Full list: https://ipython.readthedocs.io/en/stable/interactive/magics.html

# How to run python scripts

``python test.py``

``Spyder``

``Jupyter Notebook``

# Resources for Further Learning

I have tried to cover the pieces and patterns in the Python language that will be most useful to a data scientist using Python, but this has by no means been a complete introduction. If you'd like to go deeper in understanding the Python language itself and how to use it effectively, you may check the following book usefull:

- [*Dive Into Python*](http://www.diveintopython.net/) by Mark Pilgrim. This is a free online book that provides a ground-up introduction to the Python language.

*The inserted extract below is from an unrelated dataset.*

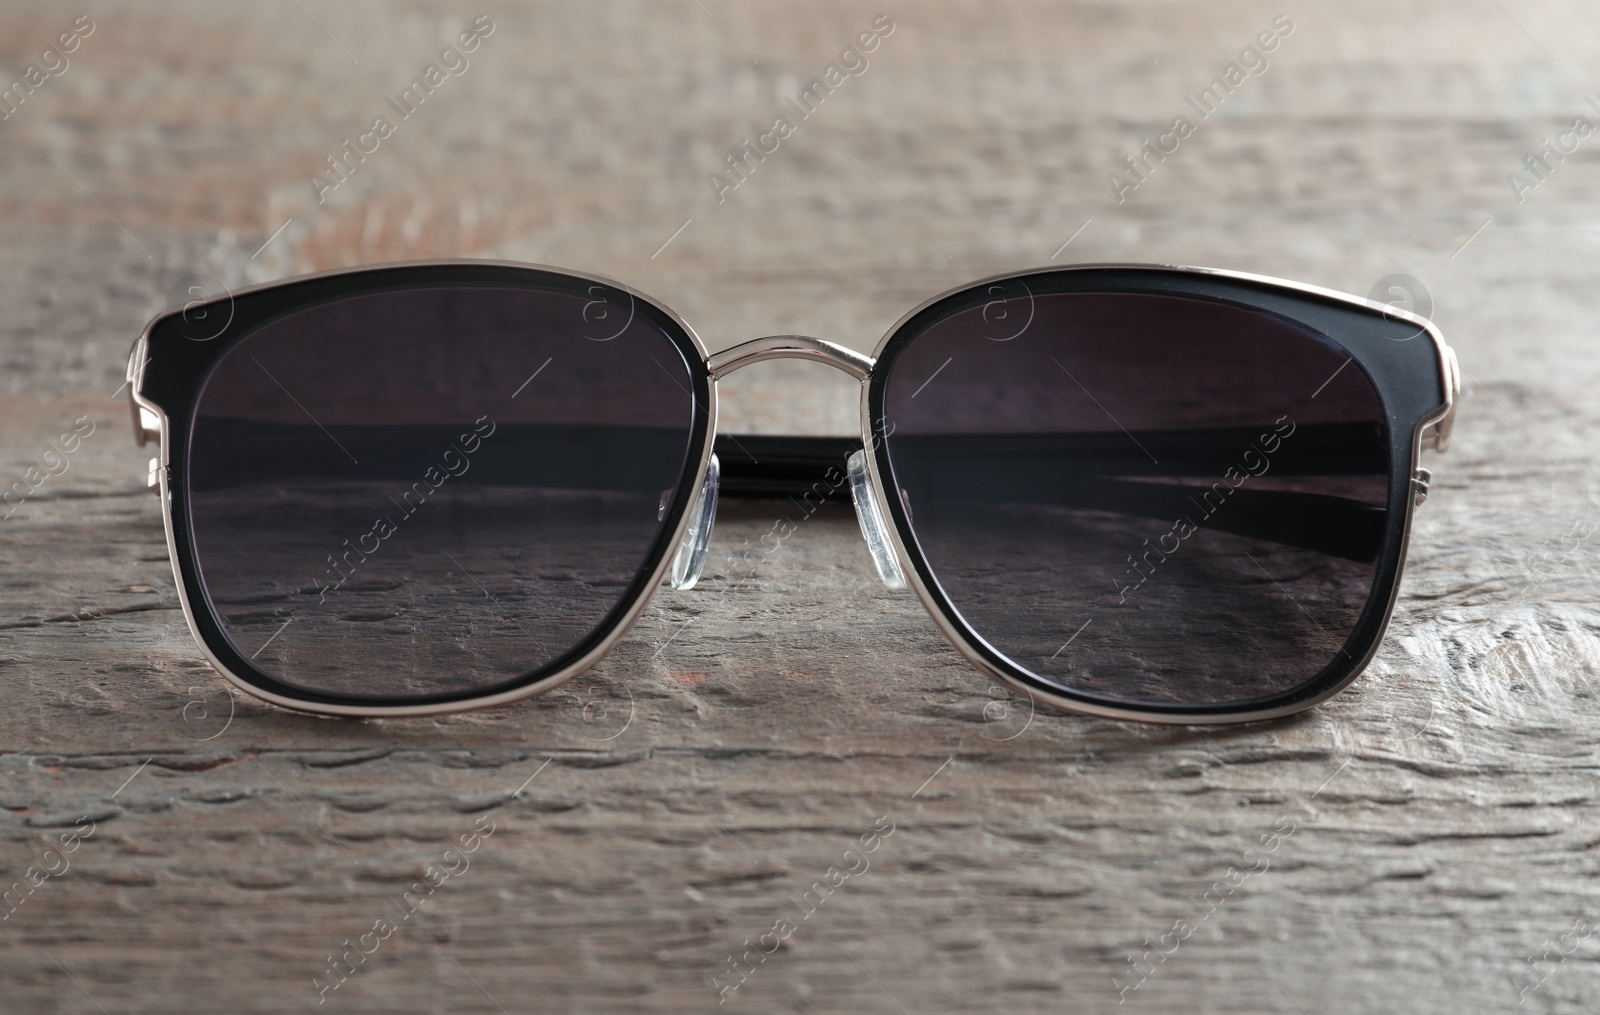 Photo of Stylish sunglasses on wooden background, closeup view

To dig more into Python tools for data science and scientific computing:

- [*The Python Data Science Handbook*](http://shop.oreilly.com/product/0636920034919.do) by Jake VanderPlas. This book starts precisely where this mini-text leaves off, and provides a comprehensive guide to the essential tools in Python's data science stack, from data munging and manipulation to machine learning.

- [*Python for Data Analysis*](http://shop.oreilly.com/product/0636920023784.do) by Wes McKinney, creator of the Pandas package. This book covers the Pandas library in detail, as well as giving useful information on some of the other tools that enable it.